The question doesn’t really require any Data Structure or Algorithmic knowledge. It only requires you to sit down and observe a 3x3 tic-tac-toe board to find out the minimum number of conditions you would have to check to know that it’s a valid state. Let’s look at some conditions:
- Clearly, number of X >= number of O because X takes the first turn
- At the same time, number of X - number of O cannot exceed 1 as they play turn by turn
- X or O cannot win the game twice, that is:
- 2 rows cannot be “XXX” or “OOO”. Note that this is not a valid state as per condition 2 so we don’t have to consider this.
- 2 columns cannot be “XXX” or “OOO”. Note that this is not a valid state as per condition 2 so we don’t have to consider this.\
- Both diagonals cannot contain only “X” or only “O”. Actually, this condition is wrong! Both diagonals can be filled with only X or only O. Consider this valid state:
X O X X O X O O -> O X O X O X X O X
- Both “X” and “O” cannot win the game, that is:
- If one row is “XXX”, any other cannot be “OOO”
- If one column is “XXX”, the other cannot be “OOO”
- If X has won the game then number of X should be equal to number of O - 1 (as O doesn’t get to play the next chance)
- If O has won the game then number of X should be equal to number of O (as X doesn’t get to play the next chance)
Note that the condition 3 above is contained in all others so we do not need to check that.

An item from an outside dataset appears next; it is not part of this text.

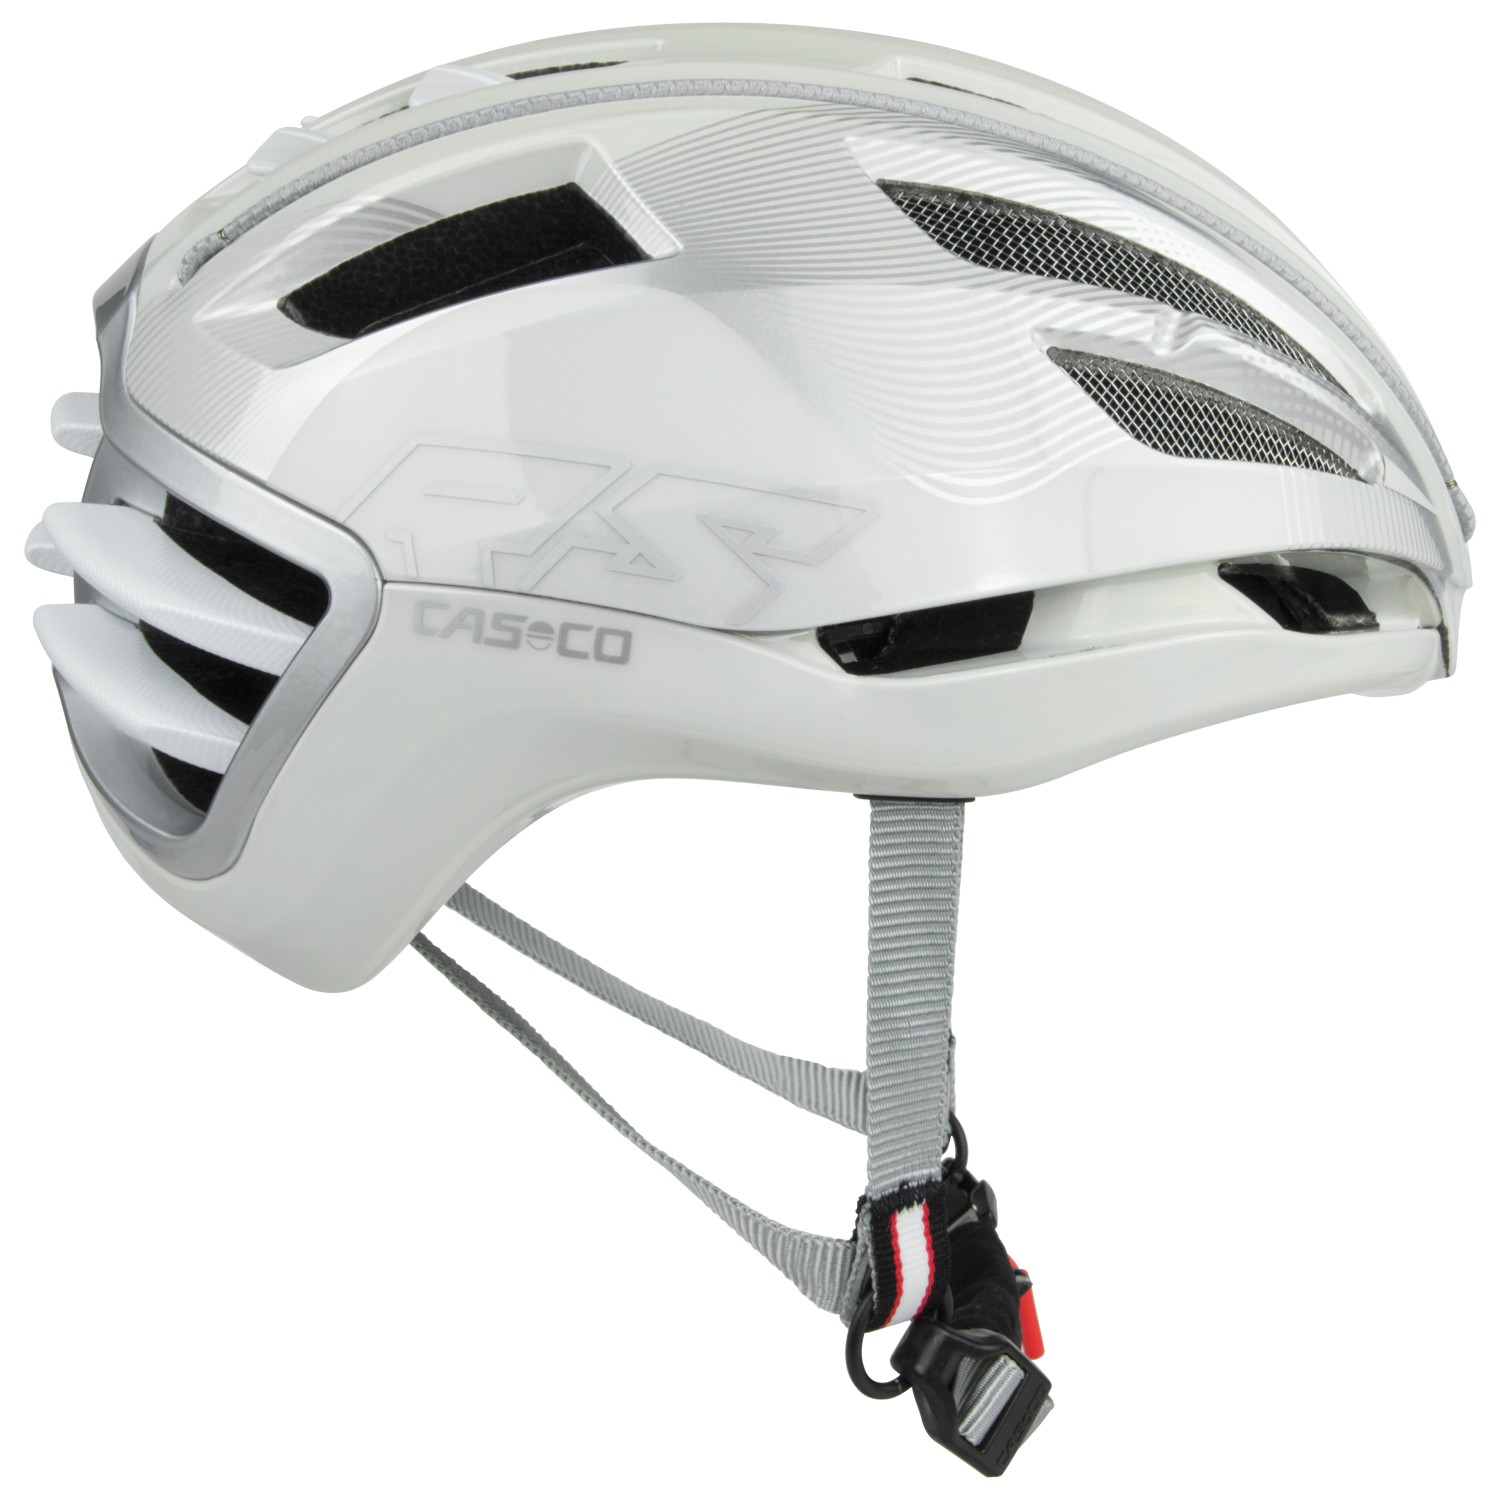 Велосипедный шлем Casco Speedairo2, цвет White/Silver козырек на шлем для мотоциклетного шлема k5 k5s k3sv k1 защита от царапин мотоциклетные аксессуары очки casco moto

bool validTicTacToe(vector<string>& board) {
bool xWon = false, oWon = false;
int numX = 0, numO = 0;
// check rows
for (string s : board) {
if (s=="XXX")
xWon=true;
if (s=="OOO")
oWon = true;
for (char c : s) {
if (c=='X')
numX++;
else if (c=='O')
numO++;
}
}
// conditions 1, 2 and 4
if (numO>numX || numX-numO>1 || (xWon && oWon))
return false;
// check columns
for (int j=0; j<3; j++) {
string temp = "";
for (int i=0; i<3; i++) {
temp+=board[i][j];
}
if (temp == "XXX")
xWon = true;
if (temp == "OOO")
oWon = true;
}
// check diagonals
if (board[0][0] == 'X' && board[1][1] == 'X' && board[2][2] == 'X')
xWon = true;
if (board[0][0] == 'O' && board[1][1] == 'O' && board[2][2] == 'O')
oWon = true;
if (board[0][2] == 'X' && board[1][1] == 'X' && board[2][0] == 'X')
xWon = true;
if (board[0][2] == 'O' && board[1][1] == 'O' && board[2][0] == 'O')
oWon = true;
// condition 4
if (xWon && oWon)
return false;
// condition 5
if (xWon && numX-numO==0)
return false;
// condition 6
if (oWon && numX-numO==1)
return false;
return true;
}
Time complexity: O(1) as the board is of constant size (3x3)